Chaos Engineering is a practice that aims to help us improve our systems by teaching us new things about how they operate. It involves injecting faults into systems (such as high CPU consumption, network latency, or dependency loss), observing how our systems respond, then using that knowledge to make improvements.
To put it simply, Chaos Engineering identifies hidden problems that could arise in production. Identifying these issues beforehand lets us address systemic weaknesses, make our systems fault-tolerant, and prevent outages in production.
Chaos Engineering goes beyond traditional (failure) testing in that it's not only about verifying assumptions. It helps us explore the unpredictable things that could happen, and discover new properties of our inherently chaotic systems.
Chaos Engineering as a discipline was originally formalized by Netflix. They created Chaos Monkey, the first well-known Chaos Engineering tool, which worked by randomly terminating Amazon EC2 instances.
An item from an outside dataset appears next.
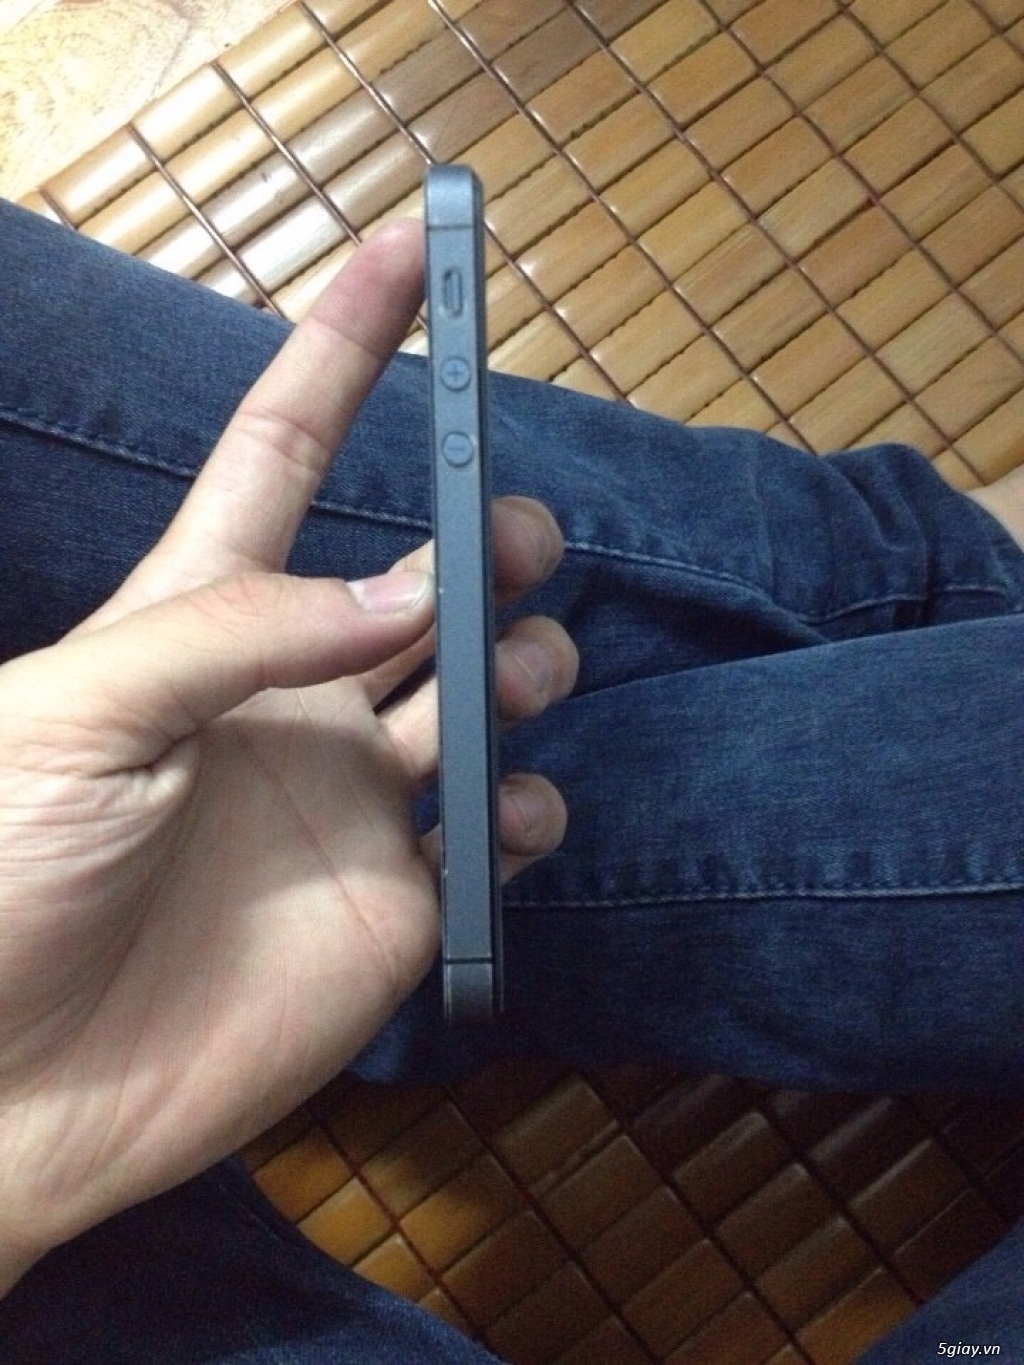 Bán iphone 5 black 16G QT 98-9 - 3

Since then, Chaos Engineering has grown to include dozens of tools used by hundreds (if not thousands) of teams around the world.
Chaos Engineering involves running thoughtful, planned experiments that teach us how our systems behave in the face of failure. These experiments follow three steps:
You start by forming a hypothesis about how a system should behave when something goes wrong. For example, if your primary web server fails, can you automatically failover to a redundant server?
Next, create an experiment to test your hypothesis. Make sure to limit the scope of your experiment (traditionally called the blast radius) to only the systems you want to test. For example, start by testing a single non-production server instead of your entire production deployment.
Finally, run and observe the experiment. Look for both successes and failures. Did your systems respond the way you expected? Did something unexpected happen? When the experiment is over, you’ll have a better understanding of your system's real-world behavior.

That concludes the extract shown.